I always had a debit card and bank account, and in my teens I withdrew cash
and spent it. You are probably right that I would have thought twice about
some of those spends if I knew my parents could see the transactions (which
they would since I wasn't 18).

> Say you are in an saoudi dictatorship. Without cash, paying for drinks at a
> secret gay bar becomes very hard. It's the same for us.

Can't disagree here: eletronic money with a paper trail requires not just
stable and trustworthy government and public institutions, it requires some
trust also that _future_ governments and institutions are trustworthy. The
tradeoff between convenience and privacy is always a factor, and if lack of
privacy is lack of security then the choice is clear.

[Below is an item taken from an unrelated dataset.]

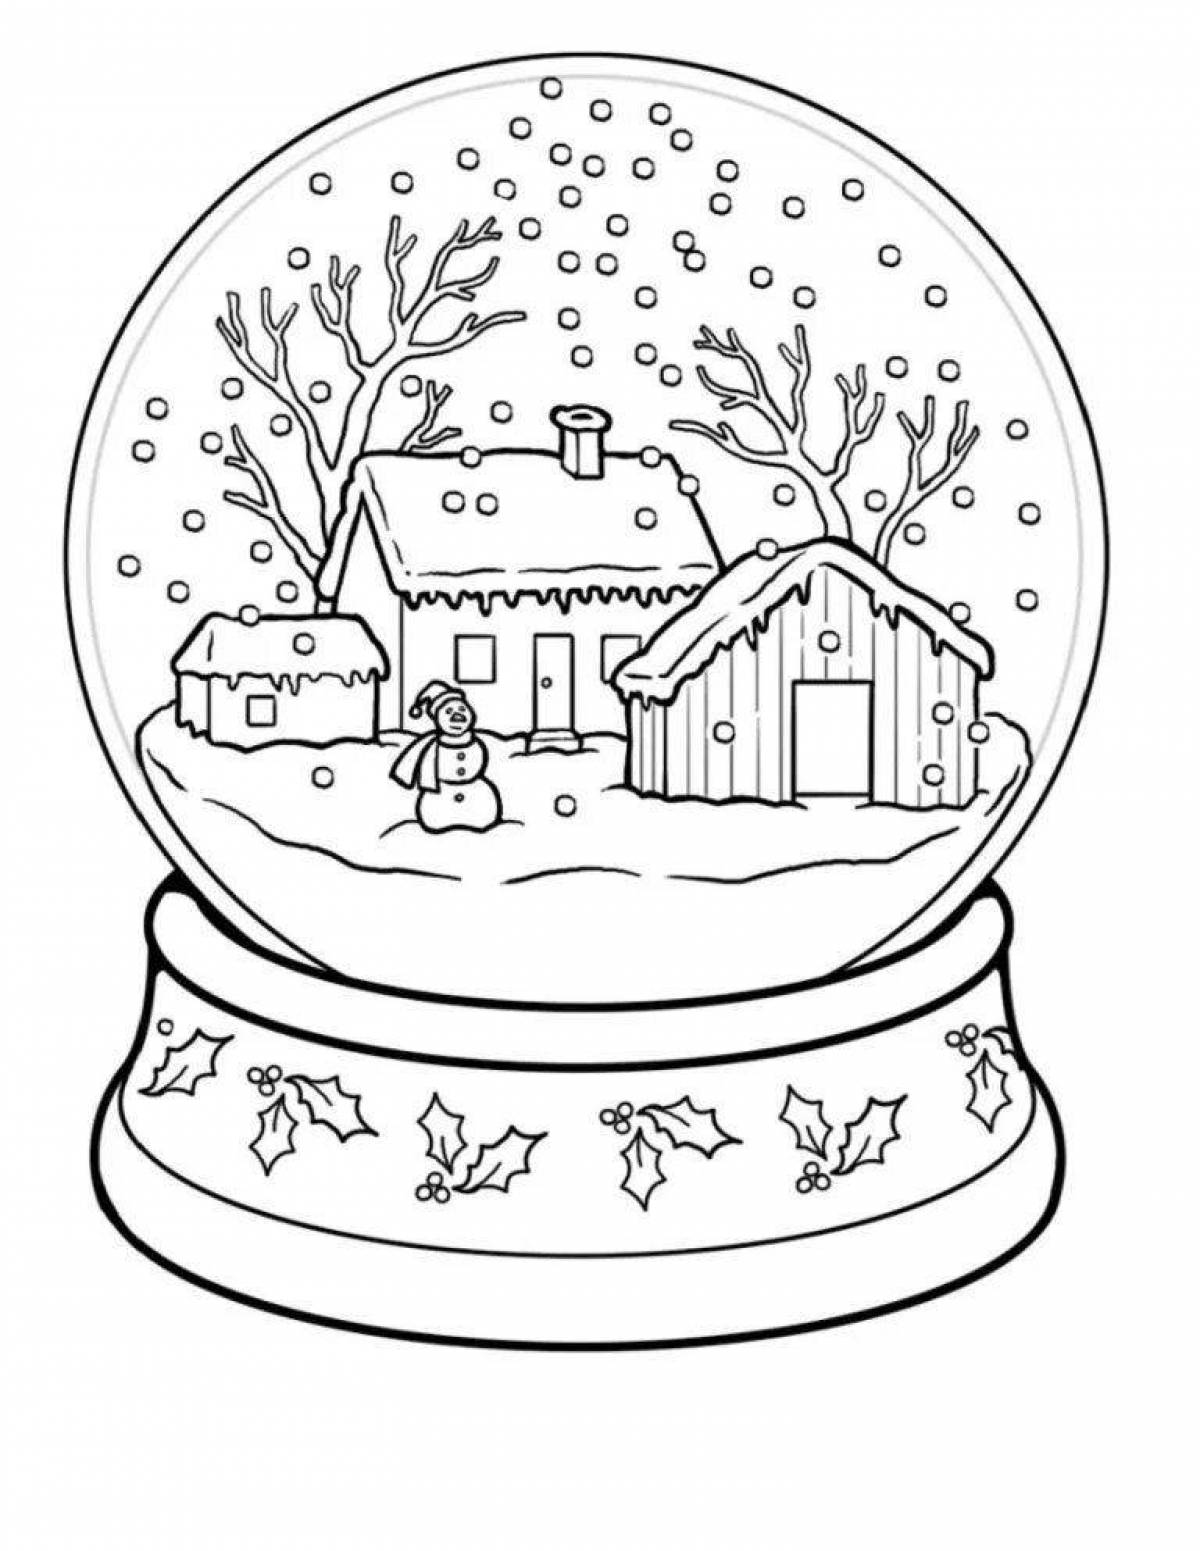 Serendipitous coloring pages beautiful for the new year

I think the solution to many of these problems is simply "cash on card". You
have a debit card connected to your bank account, but you can transfer a sum
to "virtual cash" on the card. That then works like cash, but without the
cash. It could be cryptographically based for example, and would mean the
receiver of the transaction doeesn't see the source. And on a statement from
the account it only shows up as the withdrawal when the e-cash was purchased.

------
m00s3
One data point: As a Canadian, I rarely have cash in my pocket. I can go
months at a time without handling cash. Mainly I encounter it these days when
I buy & sell stuff privately (via Used.ca or Facebook or whatever). Otherwise
I basically use Visa/Apple Pay for everything.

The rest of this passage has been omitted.